The Tianjin Metro or Tianjin Rail Transit is the rapid transit system in the city of Tianjin, which was the second city in mainland China after Beijing to operate a subway system (the Beijing Subway opened in 1971). First opened in 1984, the system currently has 13 operating lines and 258 stations spanning 370 km.

==History==
Tianjin, as an inland harbor of China, has long been a major commercial city. After the founding of the People's Republic in 1949, the number of vehicles on the roads significantly increased, causing pollution. To overcome these problems, the transport authority decided to close the old tram network and switch over to a rapid transit system.

However, due to cost, it was not until 1970 that construction of the system first took place. The first section, spanning 3.6 km of track and 4 stations (Xinhualu, Yingkoudao, Anshandao and Haiguangsi), was completed by February 1976. Further construction was delayed due to an earthquake in 1976. The second section, with an additional 1.6 km of track and the Xinanjiao and Erweilu stations, was completed by 1980. After construction resumed, the total length was 7.4 km, with 8 stations, and service on the line began on 28 December 1984.

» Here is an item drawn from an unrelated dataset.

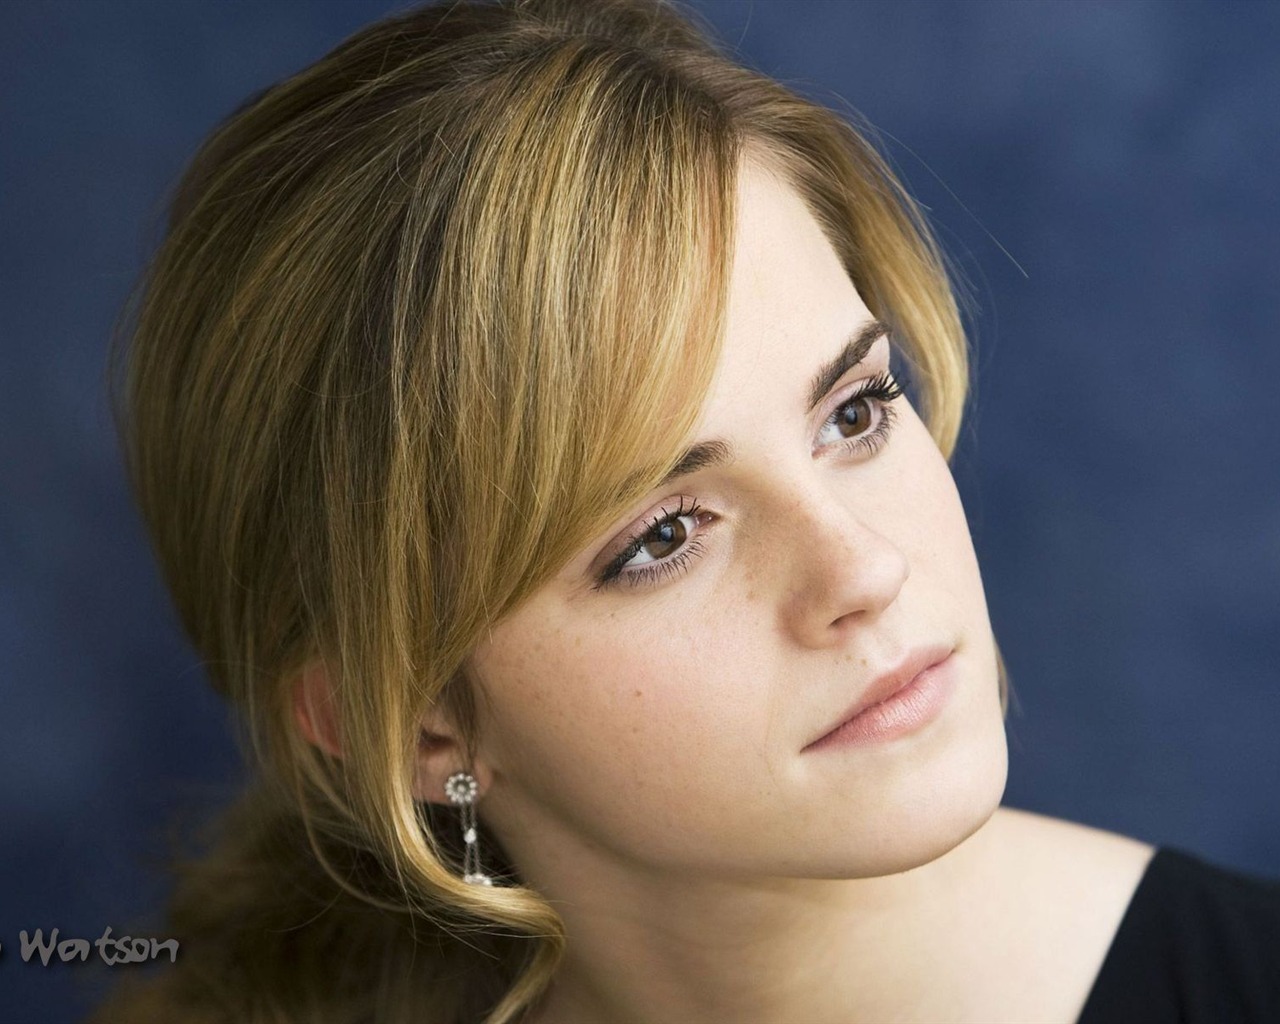 Emma Watson #012 - 1280x1024 Wallpapers Pictures Photos Images

To reduce construction costs, the transport authority decided to use an abandoned canal bed to form part of the system, and did not dig deeply. By using the canal bed, the underground section is only 2-3 m under the street surface, and was the world's shallowest metro. There were only 1,000 full-time construction workers at that time; the others were volunteers from factories, schools and institutions all over the city. The average number of volunteer workers exceeded 2,000 a day, which rendered the project unique in the world then. Construction was delayed in 1976 when an earthquake hit the city, but was resumed in 1979 and completed by 1984.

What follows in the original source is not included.